Thursday, March 23, 2006

Lovely Jen

I just have to say a quick thank you to my lovely friend Jen (visit her at Womb With a View)- who not only does lovely things to make me smile like send me letters and movies-but has helped me sort my blog out a bit! She has managed to make my comments open to everyone (I didn't even know they weren't!), put up some links to other blogs and generally made it look a lot nicer. Thank you gorjwa.....
As for me, I'm definitely still on auto-pilot and the people around me are scared I'm going to explode. While the numbness gets me through I will go with it, if I think of Piper and Laine I hurt too much and I don't want to hurt. My Mum is still staying with me but has made the decision to go home next Thursday, I think she didn't want to go because she's so scared I'm going to meltdown, but if I do I do, if I don't well then I suppose I don't. Everyone tells me that sooner or later I have to cry and allow myself to feel the pain and the hurt, but I just can't and I don't want to.
My wonderful IVF WonderDoc rang me last night, I am honestly so lucky to have such wonderful health professionals around me. My ob and the staff at her rooms, my gp and my ivf clinic- they all feel more like friends than people I pay to look after me. We will go and see WonderDoc in a few weeks just to regroup and work out a plan of attack, I think that if I have a focus on something else I can shelve my grief a bit longer; and again if that's how I cope then that's how I'll do it. I want to do a stim cycle sooner rather than later, I know that anyone reading this and what we've gone through will think us mad, but I figure that ivf and pregnancy are just so shitty that I just want to get it over and done with, if that makes sense?

Comments:
awww stop I'm all berryassed! no wait I'm not I accept chocolate and coffee :o)

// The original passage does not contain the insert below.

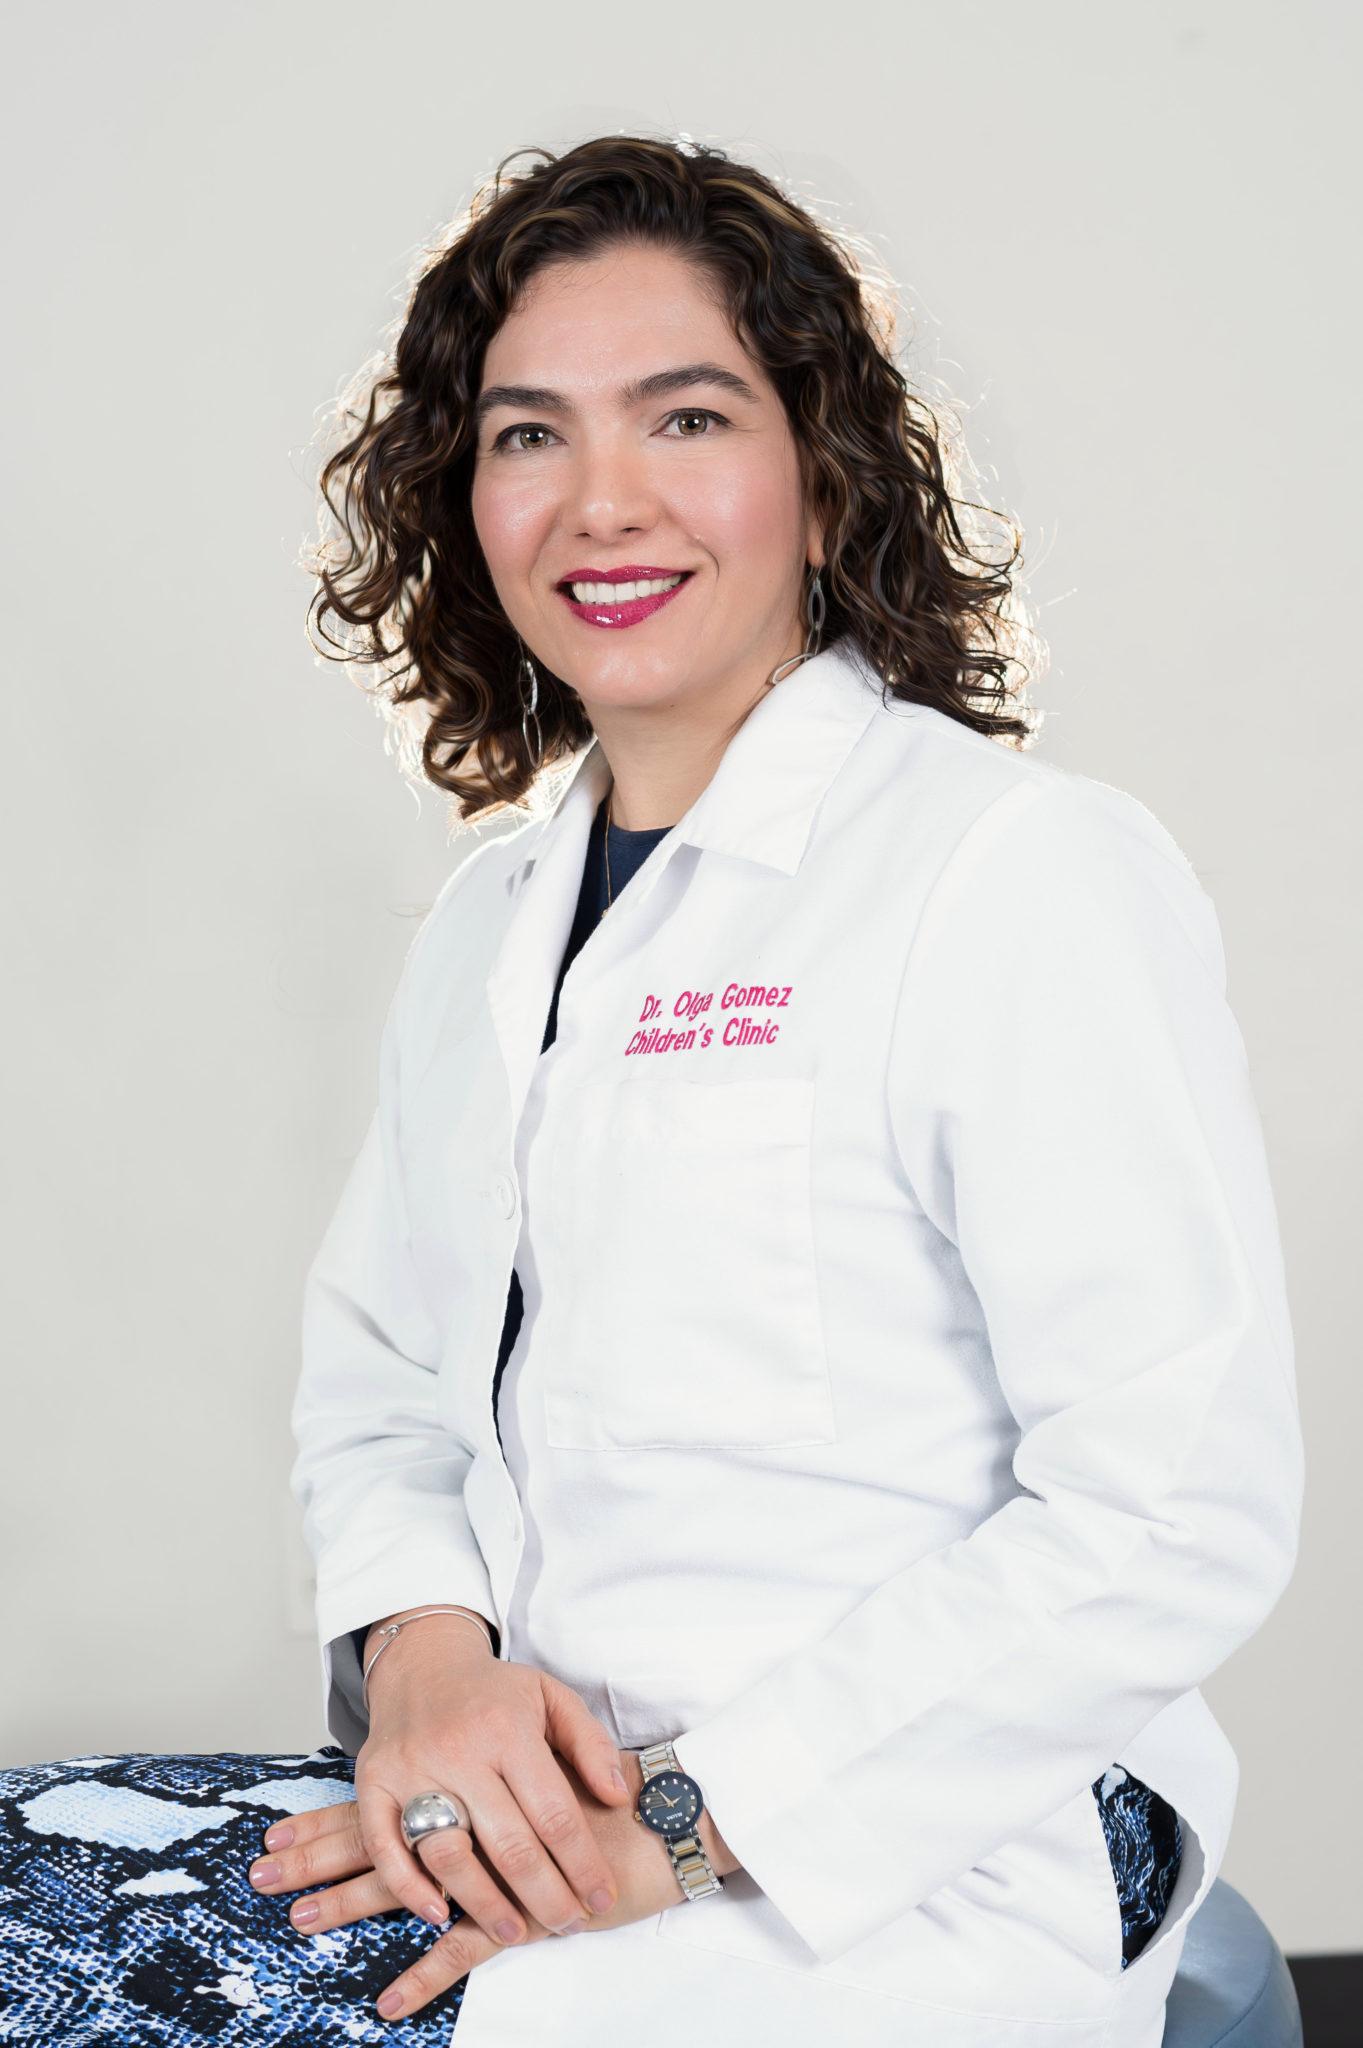 Dr. Olga Gomez

I know how much having a plan B can help so I don't think your mad for wanting to talk over what next and when next with WonderDoc (just make sure I'm done with him first tho or kapow to the moon ma).

You do what you need to do we all grieve differently and from one horrible happening to the next, it's not the same. you have a safe place to fall regardless and lots of people who love you and support you no matter how you react or hold together.